The Hall of White Cypress

The front gate of the Bai manor in Kangtian is an enormous wall of immovable obsidian jade, a stone so called because it is as hard as obsidian and as beautiful as jade. It is not even a gate that is meant to be opened, except on ceremonial occasions, when a hundred and eight cultivators must work on it for eighty-one minutes to push it open.

But it is the fastest way into the manor, when it is open.

Bai Canyue, carrying a trembling mass of cloth and flesh in her hands, slammed the heel of her boot into the gate. Its surface cracked ever so slightly, and it screeched with enough force to raise the dead, but it did not move more than half an inch.

"Sister..." whined the bundle of cloth and flesh. "The rakshasa... the rakshasa...!"

"Long'er," she said, as coolly as she could, though her voice still frothed with fury. "There is no rakshasa here. Only me."

Canyue stepped to the side of the main gate and slammed her shoulder into the stone wall, which readily crumbled before her. She stepped through the rubble and dashed forth into the courtyard. Hearing the noise, servants and family members stepped out to see what had happened, but the moment they saw the cloud of darkness trailing behind Canyue, materialized qi so thick that it swallowed even the light, they turned their heads and returned to their work. One servant, observing that he was the closest person to the doors of the central hall, grimaced and held the door open for Canyue. When she passed by him, he collapsed, clutching his chest, trying to resolve the qi deviation that Canyue's ossified hatred had inflicted on him— him, but a mere bystander!

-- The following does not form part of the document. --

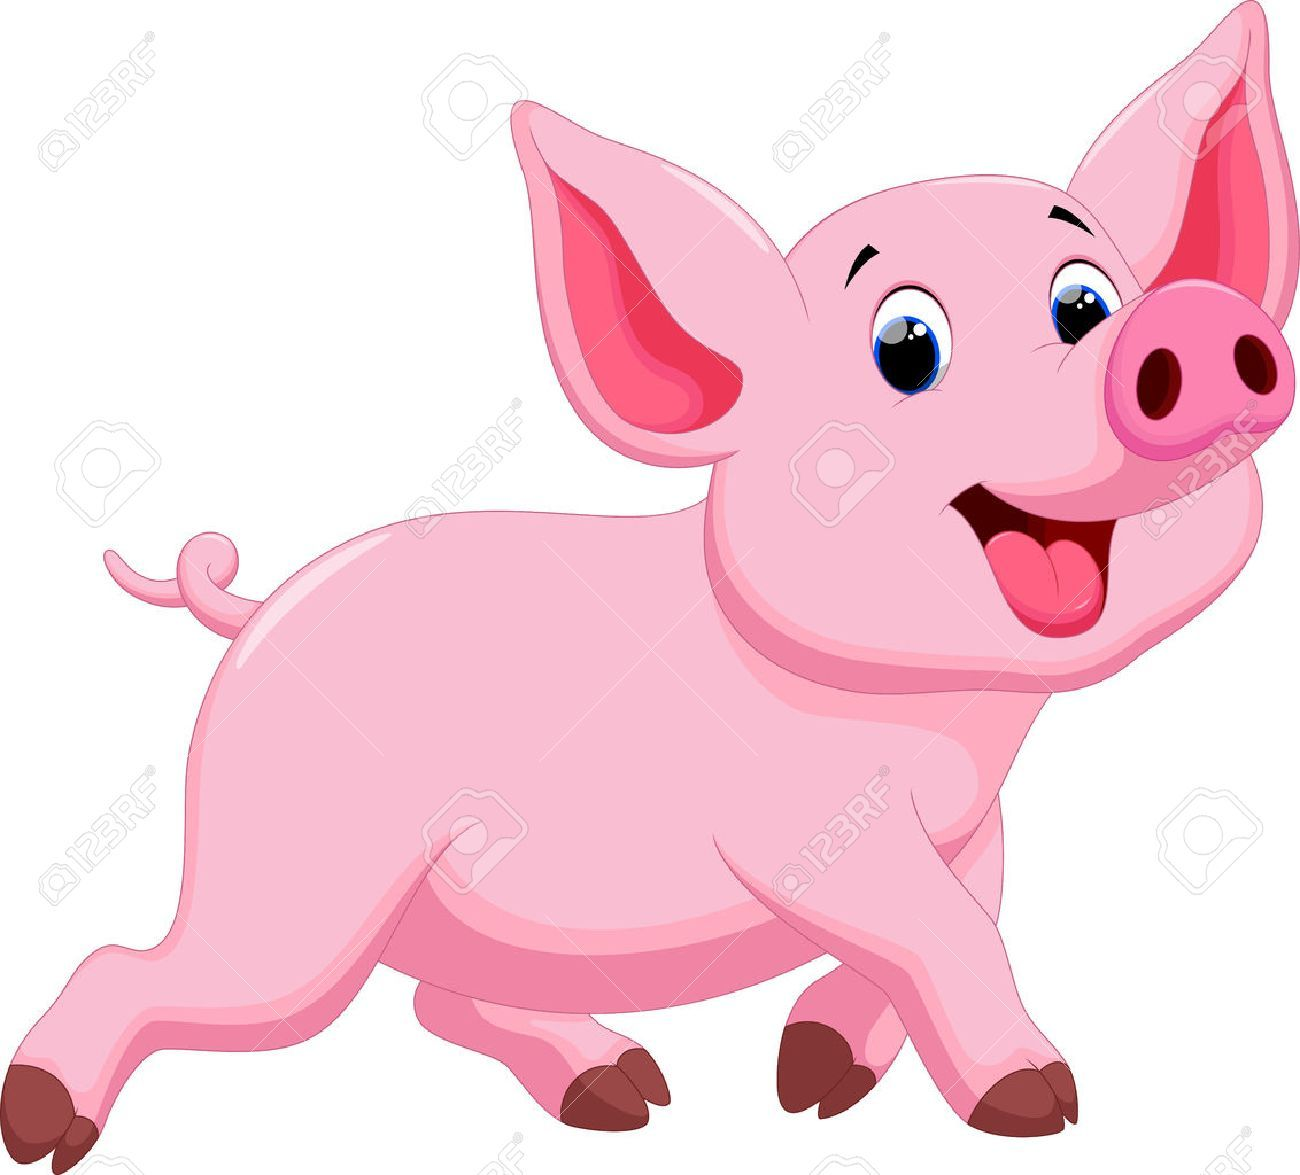 1300x1175 Cartoon Pig Images Images Hd Download

This was how much she despised Bai Chunxue.

This was how much she loved her family.

—The halls were empty. All the servants had fled into side rooms, and all the family members present were simply watching from afar. Alone she flew through the twisting turns of the inner halls of the Bai manor, until she made it to the sick bay. But the sick bay's door was closed, and there was nobody to open it for her. So she projected her qi outwards, and the door crumbled to dust.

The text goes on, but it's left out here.